Sam Bush is no stranger to Boone and Deep Gap, mainly because he befriended our local and late music legends Doc and Merle Watson many years ago. Bush toured with Doc and Merle on a Western run of shows in 1974.

“That was our first experience with them, when New Grass Revival toured with Doc and Merle Watson and Merle’s band Frosty Morn 45 years ago,” said Sam Bush. “We would open up the show and then Frosty Morn would play, and then Doc and Merle would play. Later on, members of Frosty Morn and some of us in New Grass Revival would join together at the end of the show. Plus, during that tour I got to play with Doc, Merle and Michael as well. We were caravanning together. We started in Winfield, Kan., at the Walnut Valley Festival and then went through Colorado and onto California, from San Diego all of the way up to Redwood. It was quite the experience, and it led to Courtney and me playing on the Doc Watson album Memories.”

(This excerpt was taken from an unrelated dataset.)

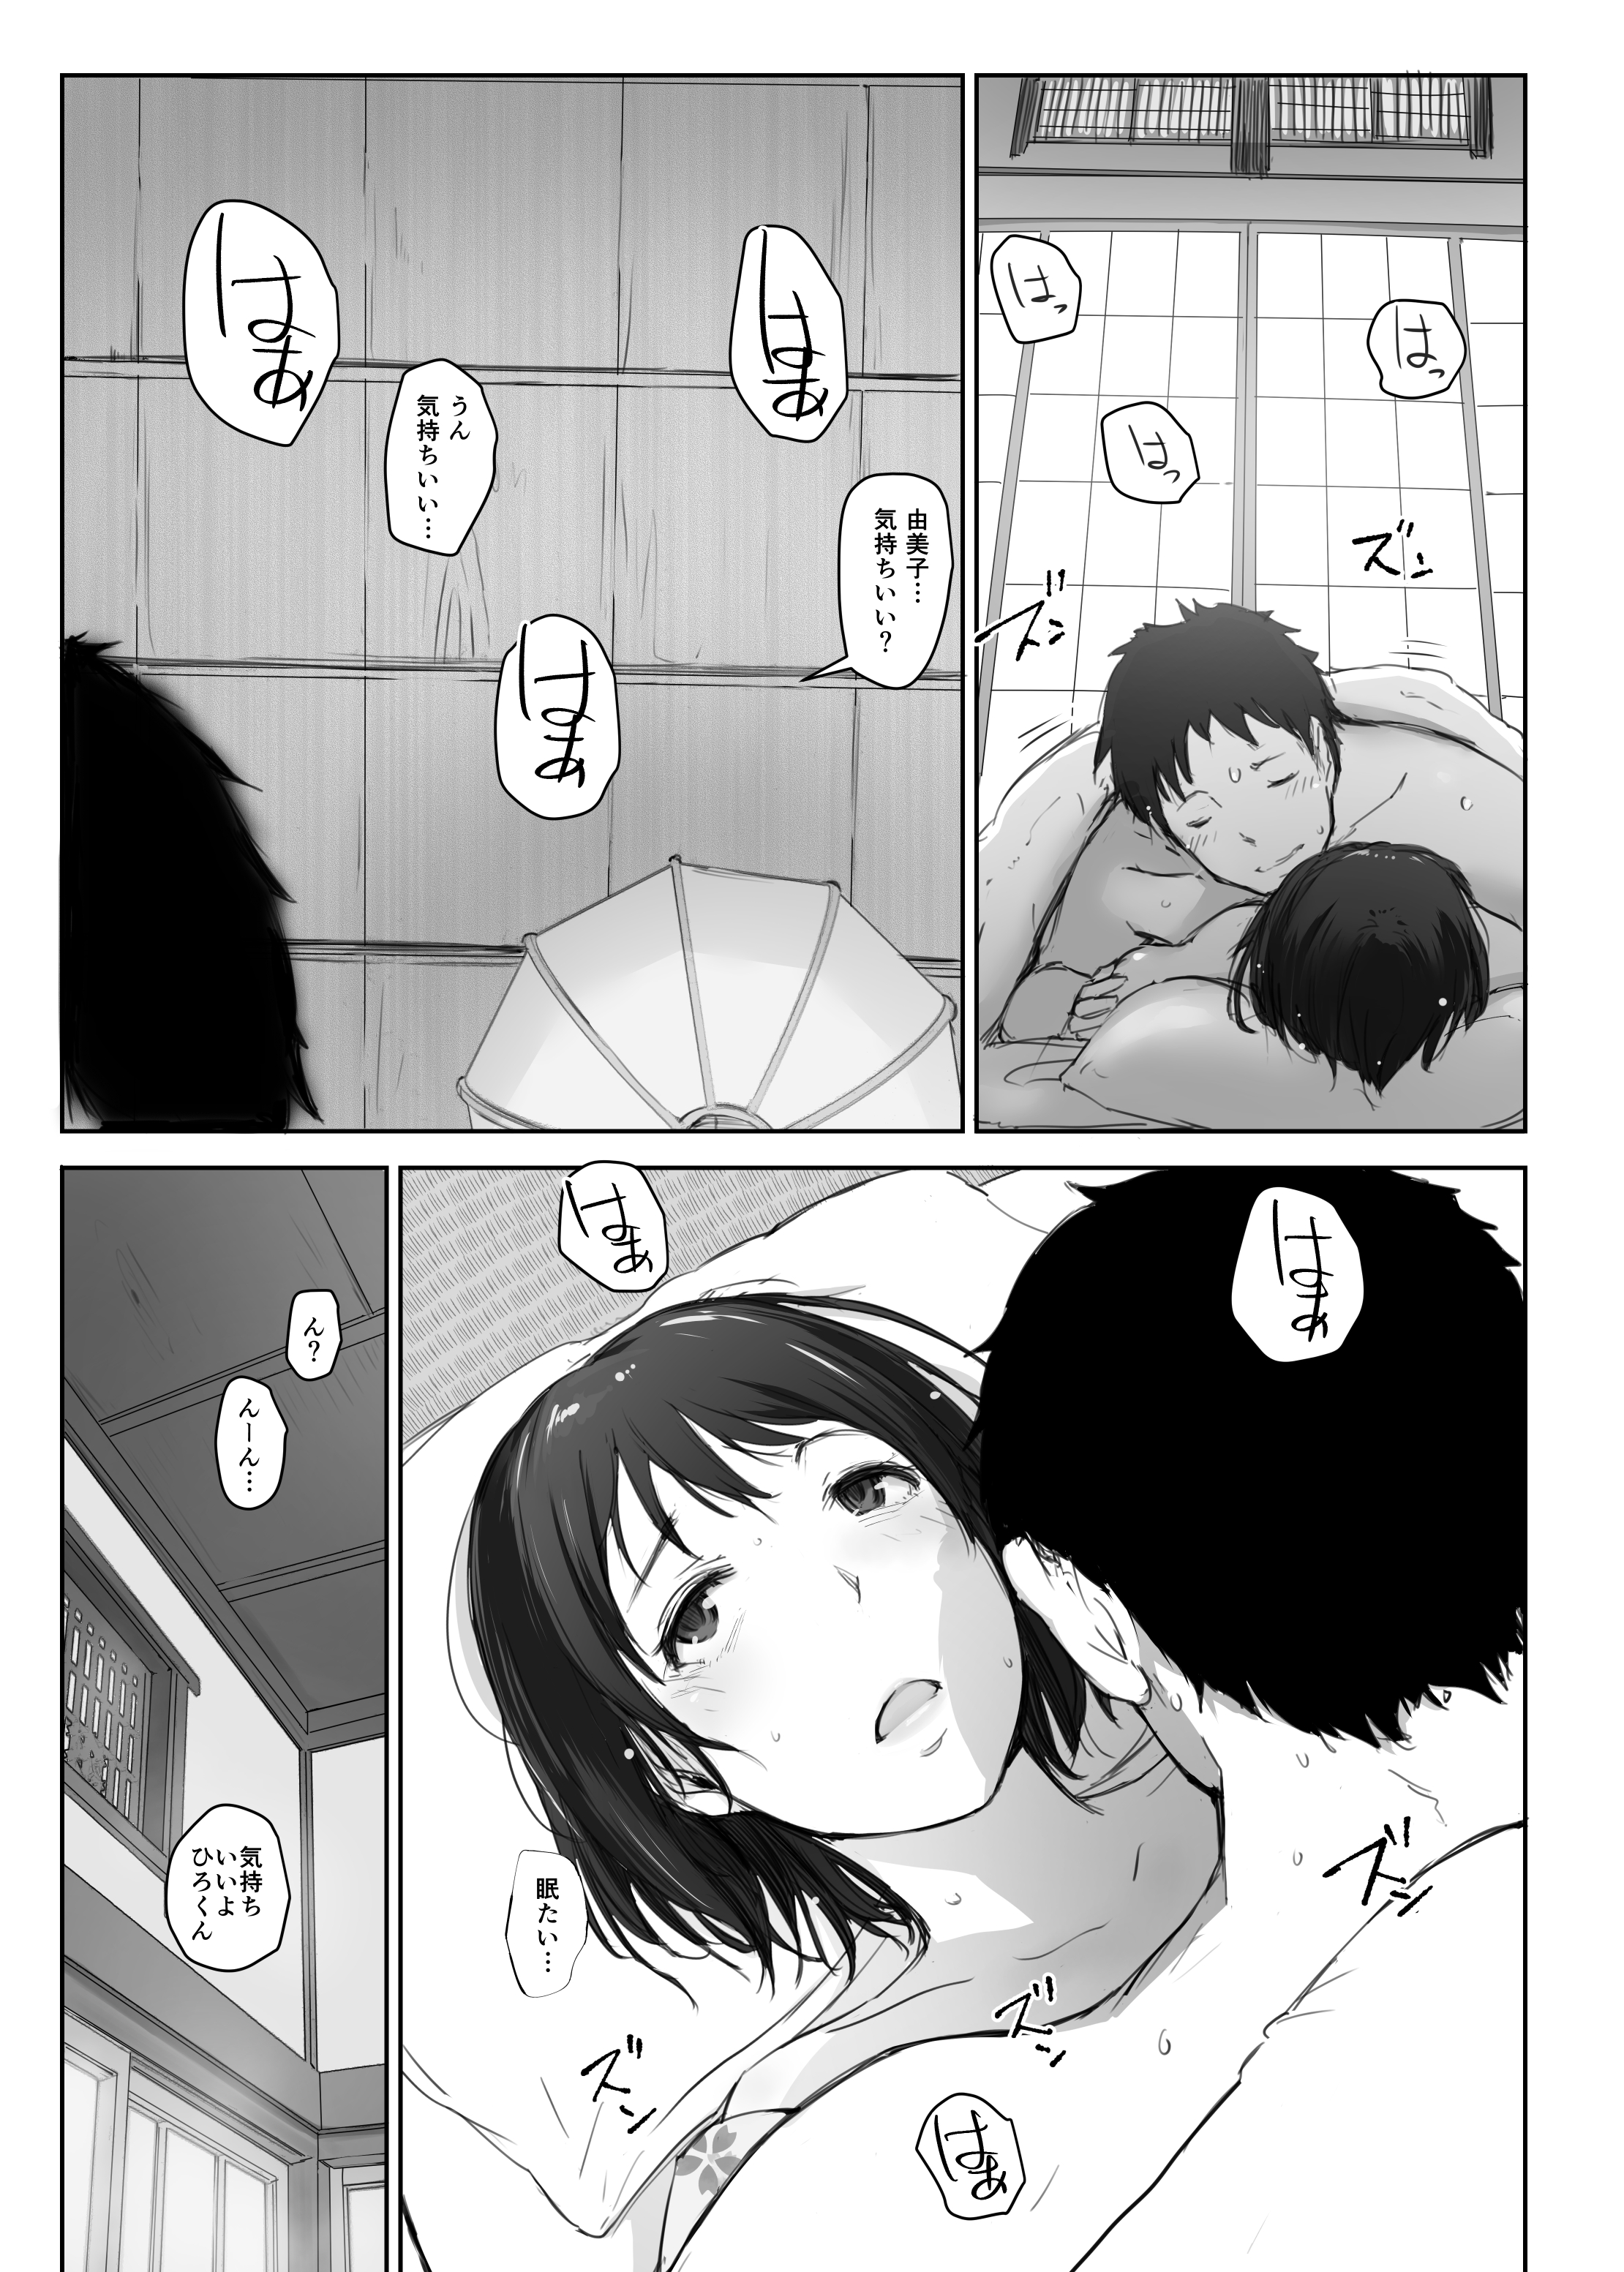 【オリジナル】人妻の由美子さんが旅行先でおじさんに寝取られて中出しをキメられてしまう…。の画像8枚目

Most people remember Doc Watson as a Moses figure of sorts when it comes to his career, especially considering that he lived to the age of 89 before he died in 2012. But in 1974, Watson was only 51 and finally making good money on the road after his appearance on the aforementioned “Will The Circle Be Unbroken” album by the Nitty Gritty Dirt Band, which was released two years earlier.

Bush remembers him as that younger man, happy to be performing with his young son, Merle.

“What is fascinating to me about Doc was he was playing a Gibson Les Paul electric guitar on the streets and in venues back in the day,” said Bush. “People who wanted you to play square dances, they wanted you to play electric back then and Doc was a very good electric guitar player. When we recorded his “Memories album,” we actually did a cut of the old instrumental tune ‘Nagasaki,’ and Doc played a Gretsch Chet Atkins model electric guitar on it and it sounded great. Yet, the decision was made to not to include the one song on electric guitar on the record. But, I got to cut ‘Nagasaki’ with Doc playing a Gretsch Chet Atkins model electric guitar, and I just thought it was marvelous.”

As old as Watson would get and as deep into the roots music of the Appalachian Mountains that he would go during his career, Bush still found the Deep Gap legend to be a flexible artist.

“Doc Watson was a very progressive musician,” said Bush. “When you saw him play onstage, that is when he presented his ‘good ole country picking’ side. But Doc was not just a country musician, by any means, as he was a well-rounded and highly progressive musician. He had one of the most open minds of anyone I have ever met, musically and personally. During that trip together in 1974, we would be in their camper and Merle, Michael, Doc and myself would be listening to music by the Allman Brothers Band. Doc was digging on the guitar playing by Duane Allman. With Doc, it was all just music to him. He didn’t care for labels and he would say, ‘You put your own label on it. I’m just playing music.’”

Bush is a regular at the annual MerleFest music festival held in nearby North Wilkesboro, which was created in honor of Merle Watson and formerly hosted by Doc Watson before his death. But this weekend, he is looking forward to coming to Doc’s real home area.

“Doc had a great sense of humor and he loved to have fun,” said Bush. “The world saw him in his later years as the grandfather figure that was there to teach us all. But, I fortunately got to know him as a younger man.”